Scores near zero are expected for short windows with 10 bps costs; a negative val score with a positive or improving train score indicates the policy is learning but the test set is noisy with few episodes.

---
## Documentation

**Key design decisions:**
- **Objective** (`src/objective.score`): `Score = E[R] - λ·CVaR - κ·Cost - μ·MDD`. No β·Sharpe in the current code (listed as next step). Default λ=κ=μ=1.0 puts risk and return on the same decimal scale; α=0.9 uses the worst 10% tail for CVaR.
- **REINFORCE** (`src/train_policy.py`): Non-differentiable backtest → policy gradient. Mean-reward baseline reduces variance; gradient clipping (max norm 1.0) prevents large steps. Adam optimizer chosen for adaptive learning rate.
- **Backtest** (`src/backtest.py`): `net_ret = weight × excess_ret − cost`; equity curve is cumulative product of (1 + net_ret). Backtest is pure NumPy/pandas, decoupled from PyTorch.
- **Features** (`src/features.py`): 20-dim vector: 8 price/volume base features + 12 meta features (offer price, shares, sector hash, CEO info). Missing meta filled with zeros.
- **Validation split**: Random 80/20 in default runs; time-based (ipo_date sort) in the walk-forward section above.

**Known limitations:**
- Synthetic data only in this notebook; real data via `run_pytorch.py --data yfinance`.
- High REINFORCE variance with few episodes; entropy bonus (coef=0.01) encourages exploration.
- No walk-forward over multiple years yet (only one train/test split above).
- Sharpe not in objective; regime dependency not handled.

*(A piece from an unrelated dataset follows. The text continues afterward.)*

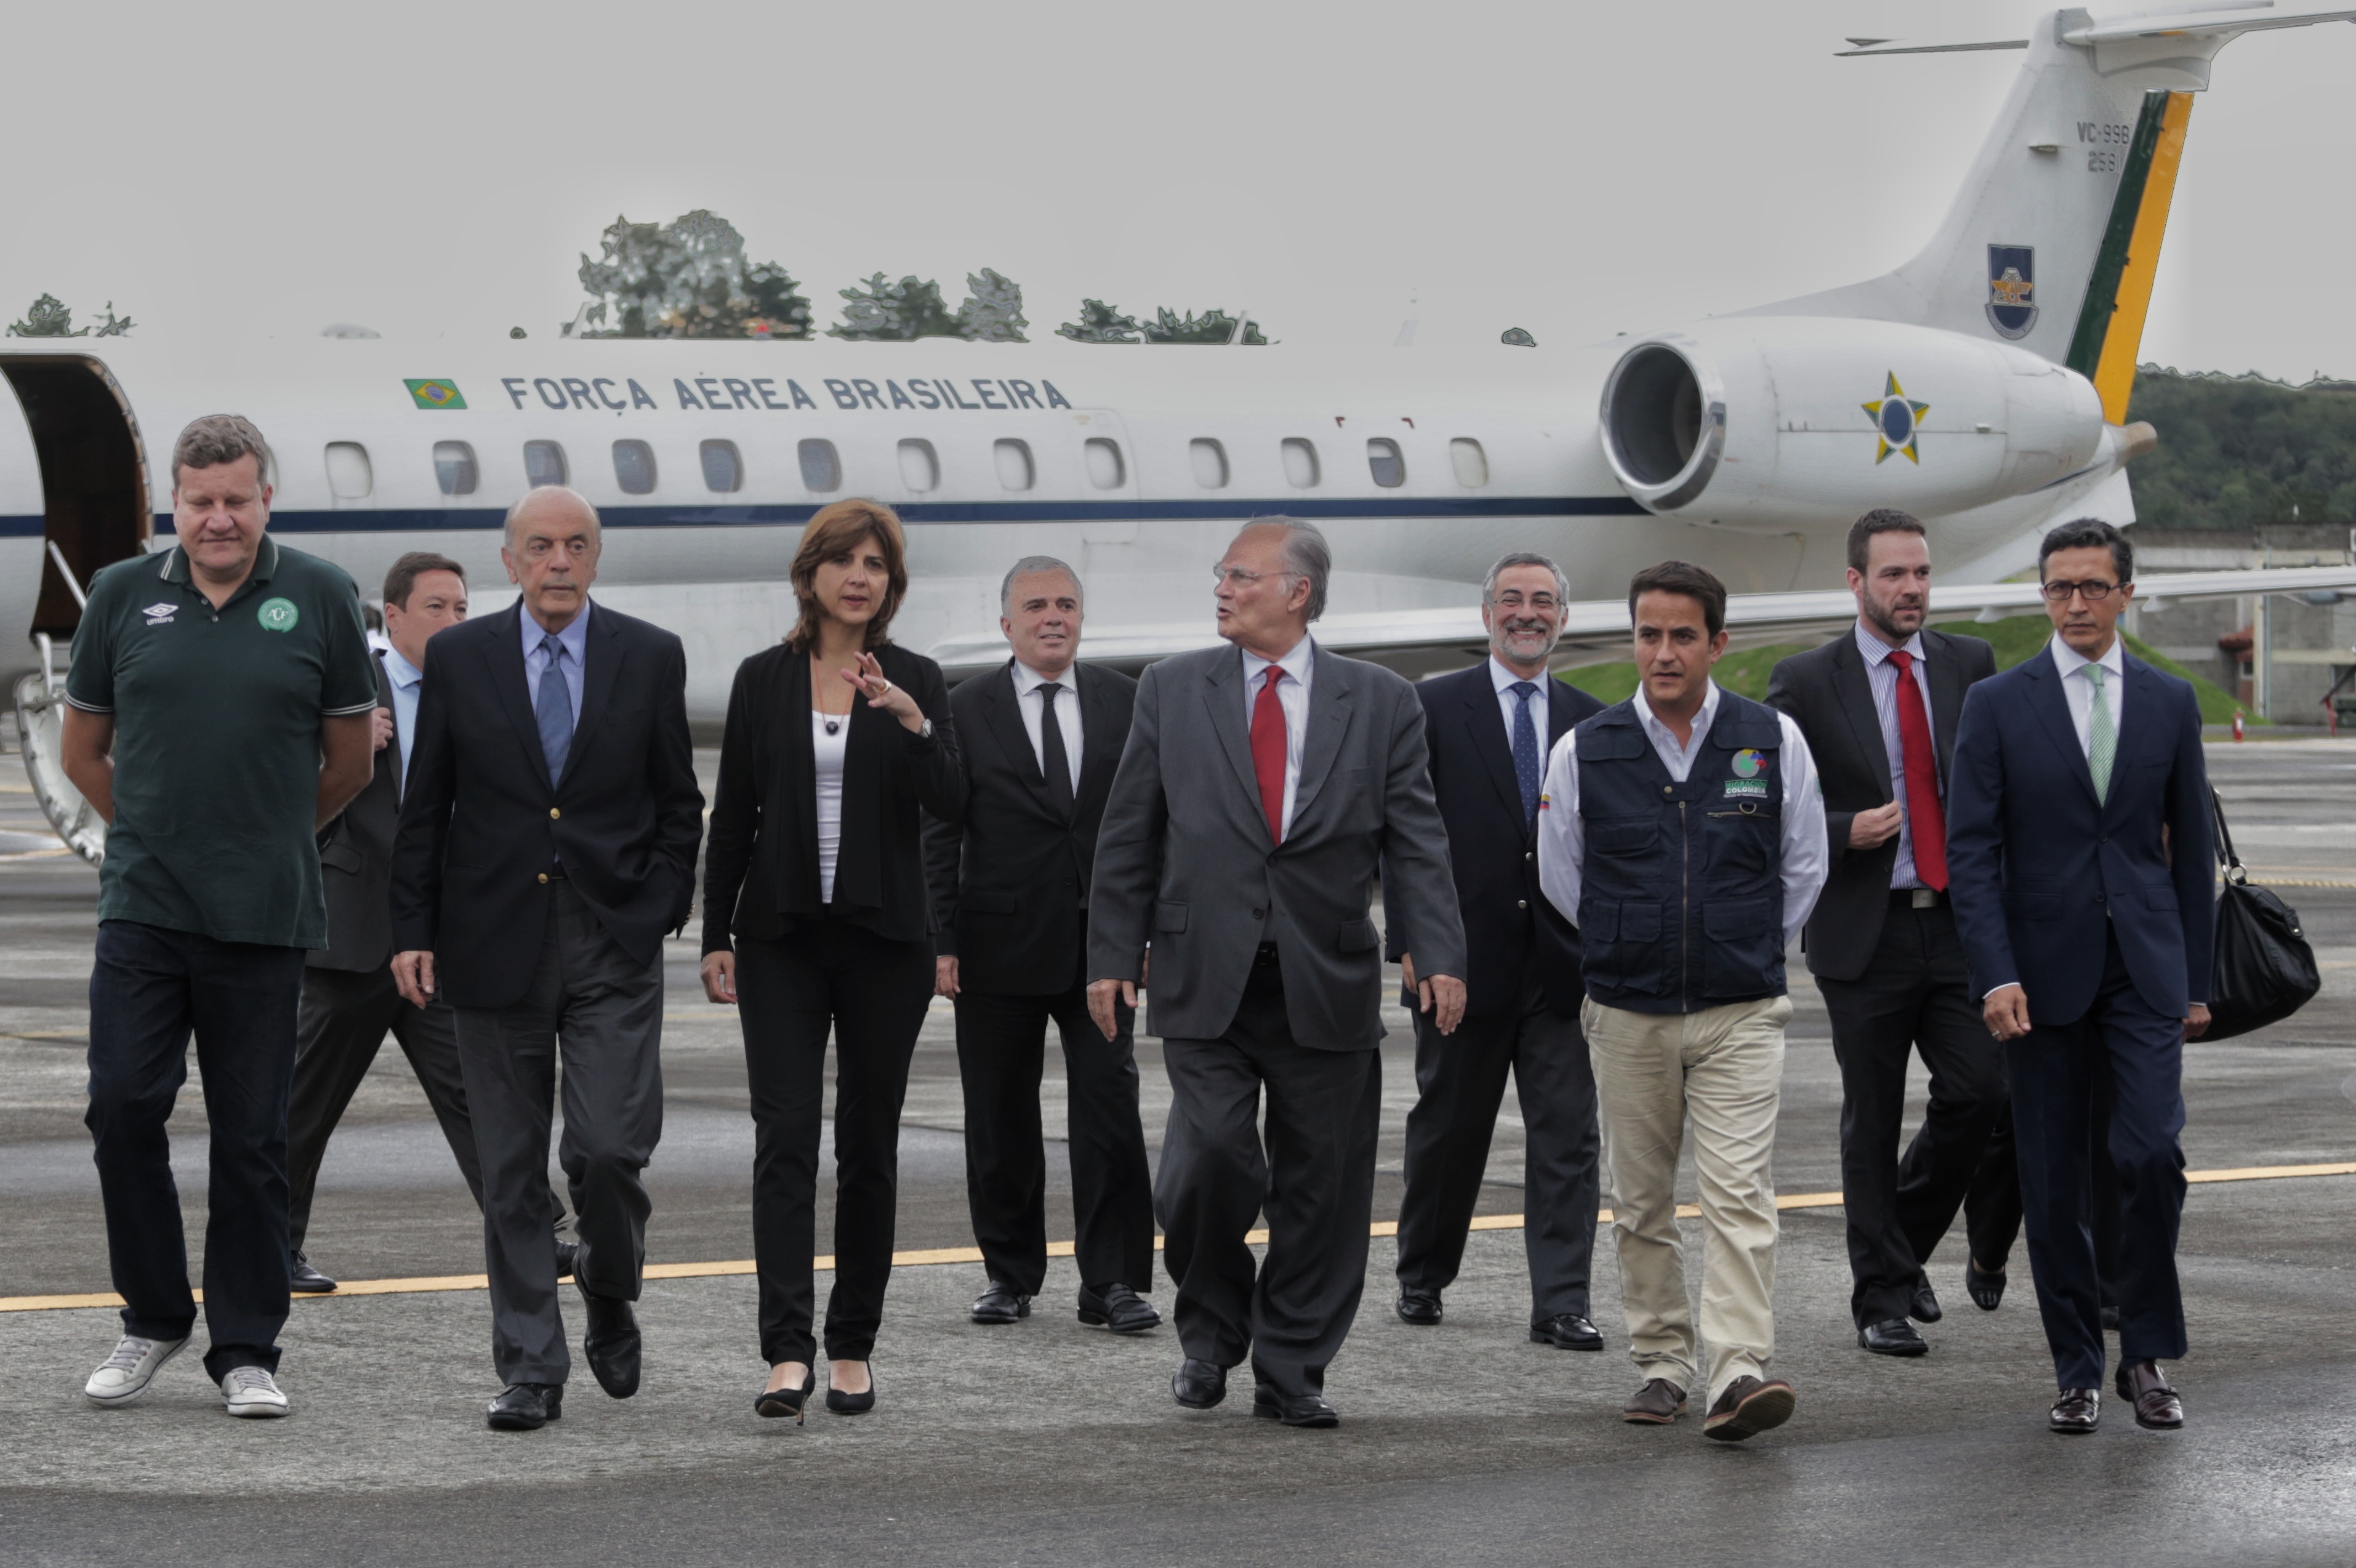 Canciller Holguín acoCanciller Holguín acompañó en Medellín a delegación brasileña enviada por presidente Temermpañó en Medellín a delegación brasileña enviada por el Presidente Temer
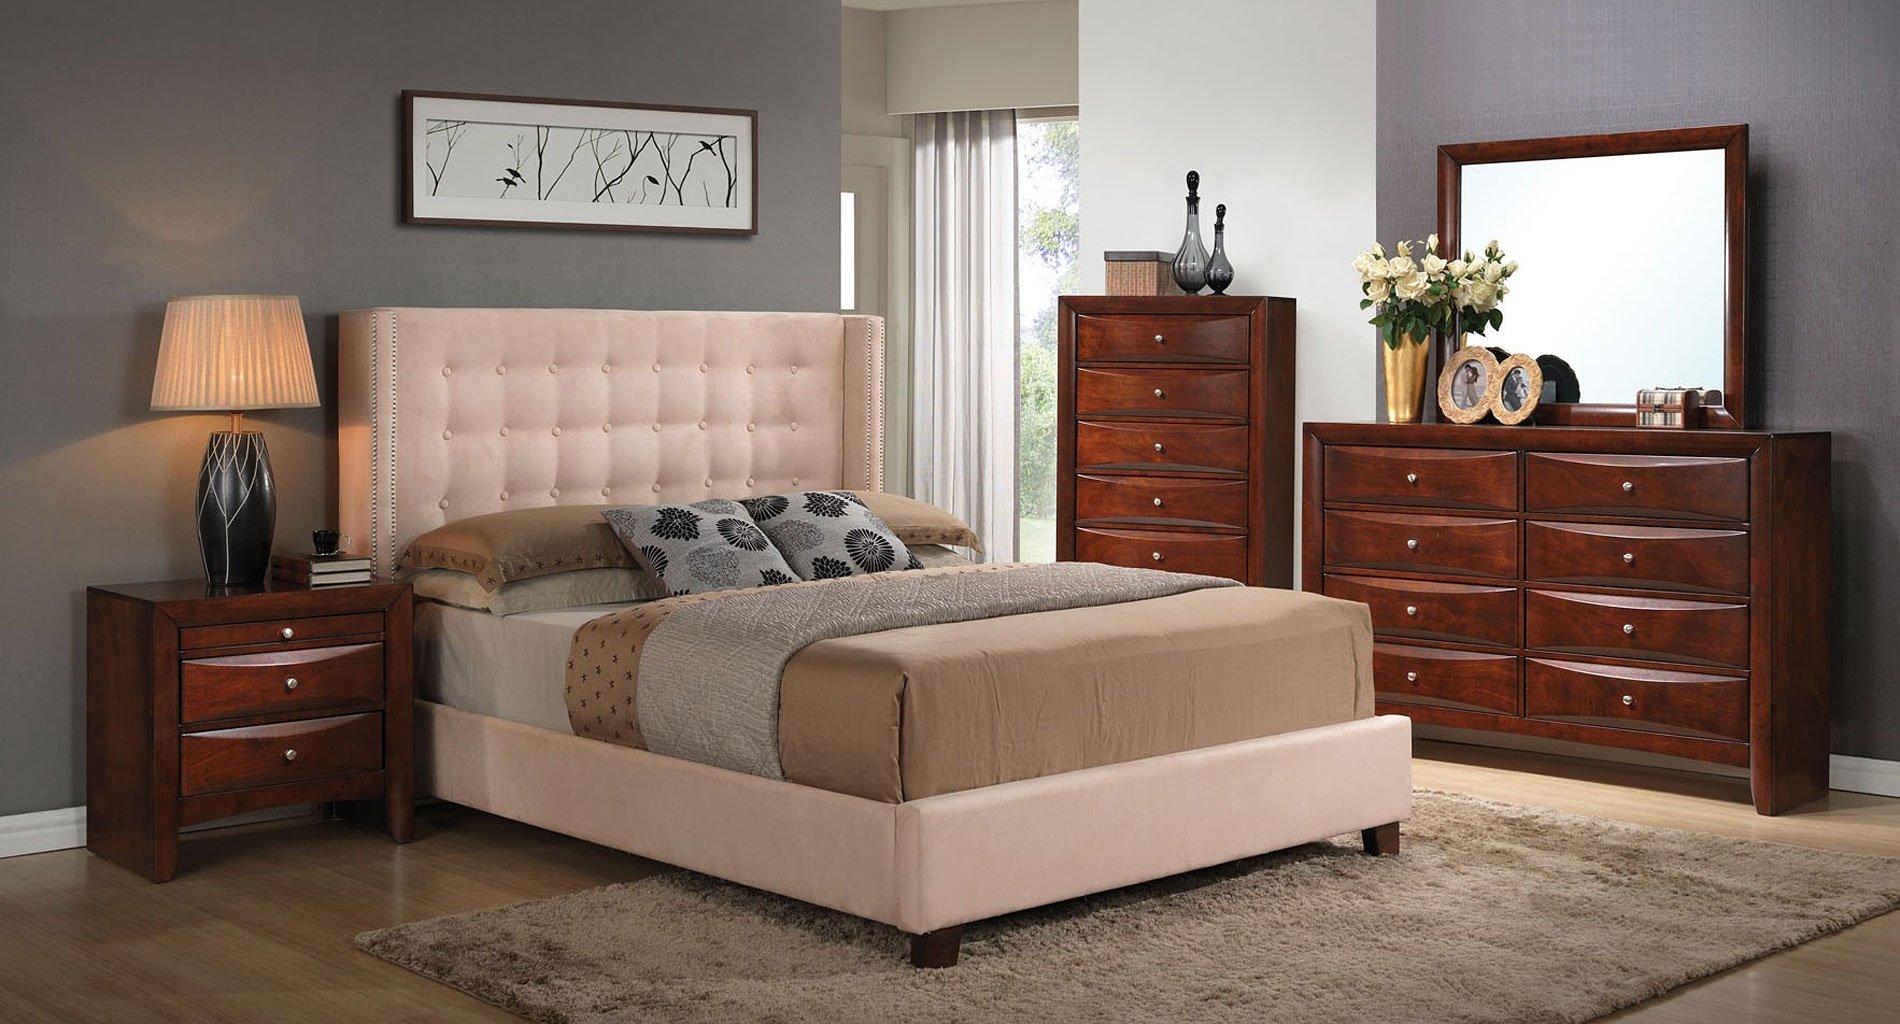 ebay ireland bedroom furniture

**Debug / test strategies:**
- `pytest tests/test_basic.py` — objective, CVaR, MDD, backtest edge cases.
- Small `n_epochs=2, batch_size=10` for quick sanity checks.
- Check `result["history"]["train_score"]` and `val_score` lists for convergence.

**Next steps:**
- Walk-forward over real IPO cohorts by year (2021 train → 2022 test → …).
- Add β·Sharpe term to `src/objective.score()`.
- Connect notebook to `src/dailyhistorical_21-26.csv` for actual IPO episodes.
- Tune λ, κ, μ via grid search on held-out cohort.